Чарская начала печататься в 1901 году на страницах двух журналов товарищества М. О. Вольф — для младшего и для старшего возраста. Оба выходили под одним названием «Задушевное слово» и своим широким успехом были во многом обязаны таланту Чарской, питались ее задушевностью.

Отдельным изданием «Записки институтки» вышли в 1902 году, в следующем — «Княжна Джаваха». Затем последовали: «Люда Влассовская», «Вторая Нина», «Джаваховское гнездо», «За что?», «Большой Джон», «Лесовичка», «Газават», «Паж цесаревны», «Записки сиротки», «Синие тучки», «Дом шалунов», «Лишний рот», «Сибирочка», «Дели-Акыз», «Особенная», «Гимназисты», «Бичоджан» и многие-многие другие книги, а всего сколько: восемьдесят? девяносто? Она писала и рассказы («На край света», «Электричка», «Маленький молочник», «Нуся»), и романы. И для детей, и для взрослых: «Как любят женщины», «Виновна, но…». И стихи: сборник «Голубая волна» выдержал пять изданий. И пьесы: «Лучший дар»… И пересказывала романтические легенды: «Вечера княжны Джавахи. Сказания старой Барбалэ».

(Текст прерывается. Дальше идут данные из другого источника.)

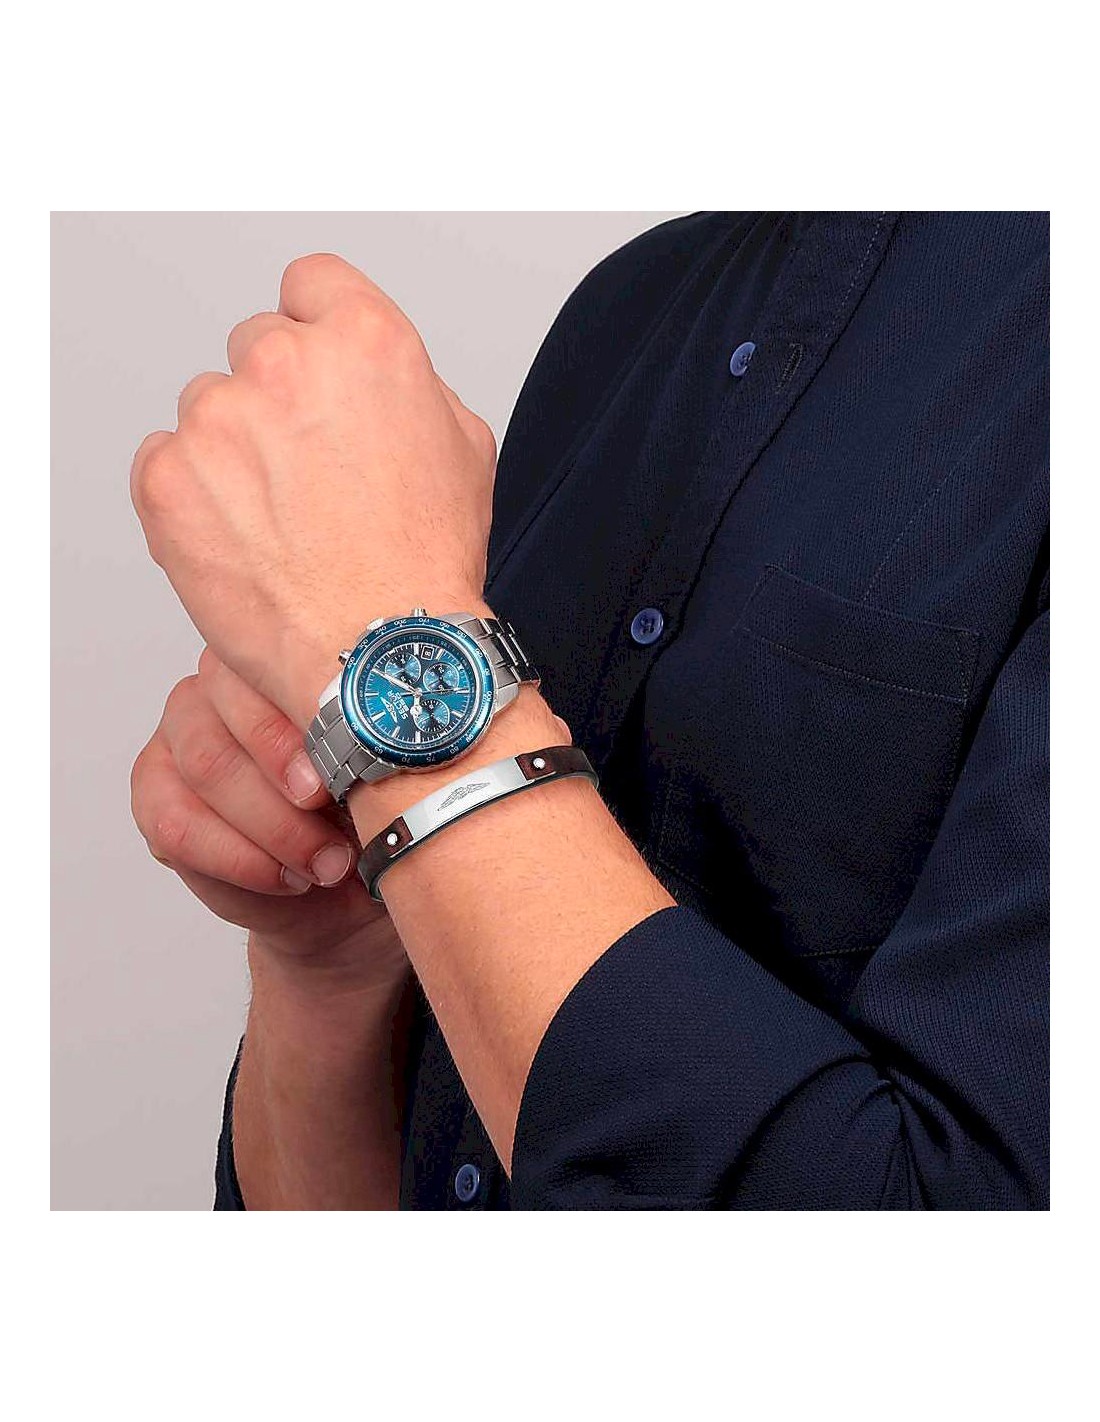 Orologio SECTOR uomo 550 cronografo acciaio / blu + bracciale

Один критик, уже в советское время, желая уязвить Чарскую, написал: «Не последним стимулом начала ее литературной деятельности было стремление материально обеспечить своего маленького ребенка». Как будто другие русские писатели, начиная с Пушкина, не были профессионалами и не кормили литературным трудом себя и своих детей. (Точно так же ее уязвляли за то, что играла в театре не первые, а вторые роли.) Нет сомнения: Чарская была врожденным — искренним, темпераментным — беллетристом, и первыми же своими повестями буквально очаровала читателя. «Если считать наиболее популярным писателем того, чьи сочинения расходятся в наибольшем количестве экземпляров, то самым популярным детским писателем должна быть признана в настоящее время г-жа Л. Чарская», — писал в 1909 году педагог и историк детской литературы Н. В. Чехов. Он отмечал, что Чарская «обладает живою фантазиею», что ее сочинения «всецело принадлежат к романтическому направлению в детской литературе», что их главный интерес «в занимательности рассказа, необычайных приключениях и выдающихся Характерах героев и героинь»; что Чарская, по-видимому, «хорошо знакома с Кавказом», а среда, описание которой ей наиболее удается, — жизнь закрытого учебного заведения — женского института.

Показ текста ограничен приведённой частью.